All the operational and maintenance you ever need to know for these bullet proof, cast iron Kohler engines.

The Model 100 was powered by a 7-horsepower Kohler engine and had centrifugal clutches just like the sleds of today. For whatever reason, this Model 100 has an 8-horsepower Kohler. Maybe it was upgraded by a previous owner or maybe it snuck out of the factory with an engine originally destined for a different model since the 100D, 101D and 170 models all came with 8-horsepower engines. Hetteen’s vision of the snow machine as a recreational machine ultimately proved correct. A few short years after the first Model 100s left the factory, the majority of snowmobiles built would be sport models, a trend that continues to this day. Perhaps more than any other, this sled symbolizes that vision. When these photos were taken the sled was owned by Rich Pederson and was on display in his personal collection he calls the Zed Shed.



  1. We had one. My father sold mobile homes and someone brought one to trade in. My dad never saw one before so he was unsure he wanted it. He called his brother in law who was a sportsman. My uncle convinced my dad by telling him he would go halvsies.

    It definitely was a groomed trail machine. I took it into some deep snow a few times and it was a beast for a young teen to get free from being bogged down.

    Thanks for the history! My dad and uncle are both gone now, but plenty of great memories remain.

  2. Yes, a good read. Some points about Edgar that i didn’t know. Like the part about him leaving Polaris to be a bush pilot. Probably mentioned in his book Breaking Trail which i still haven’t read.

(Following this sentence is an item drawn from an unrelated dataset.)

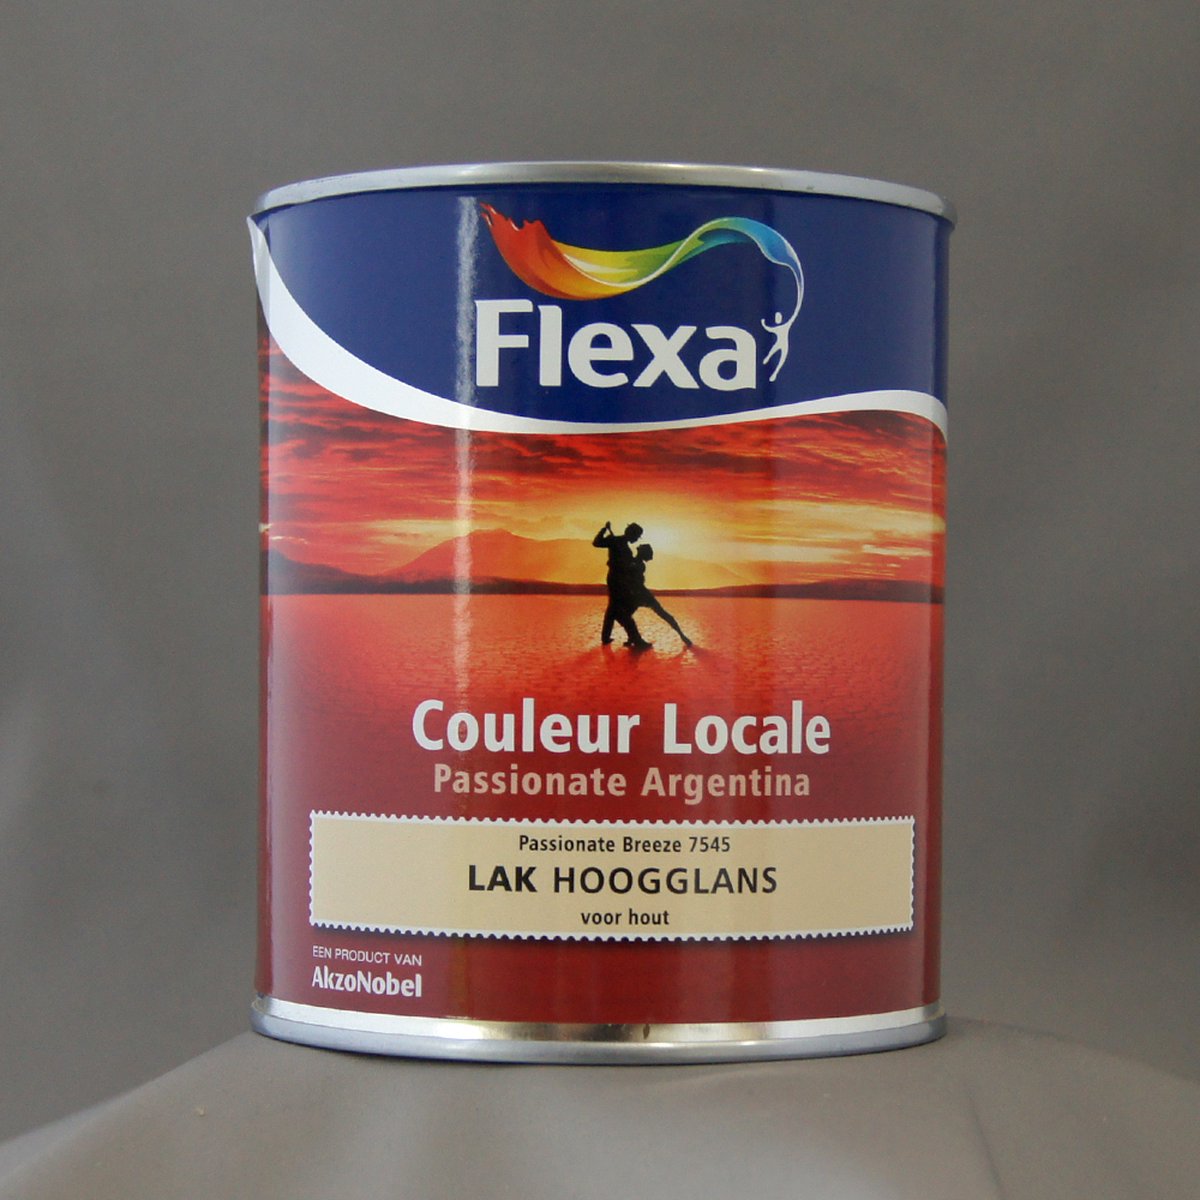 Flexa Couleur Locale - Lak Hoogglans - Passionate Argentina Breeze - 7545 - 0,75 liter

  3. 8hp Kohlers will run for decades if
    Properly maintained. Ironically that was their main problem. lol. Other than carb cleaning and oil changes and plugs and valve adjustment once in a while. They never died until several years had gone by. Cold starting them in Panthers was educational for a young boy. Built muscles rolling that 305cc thumper over on a minus 10 degree morning. We dubbed the 1967 Panther I drove Chitty Chitty Bang Bang.. great kids sled!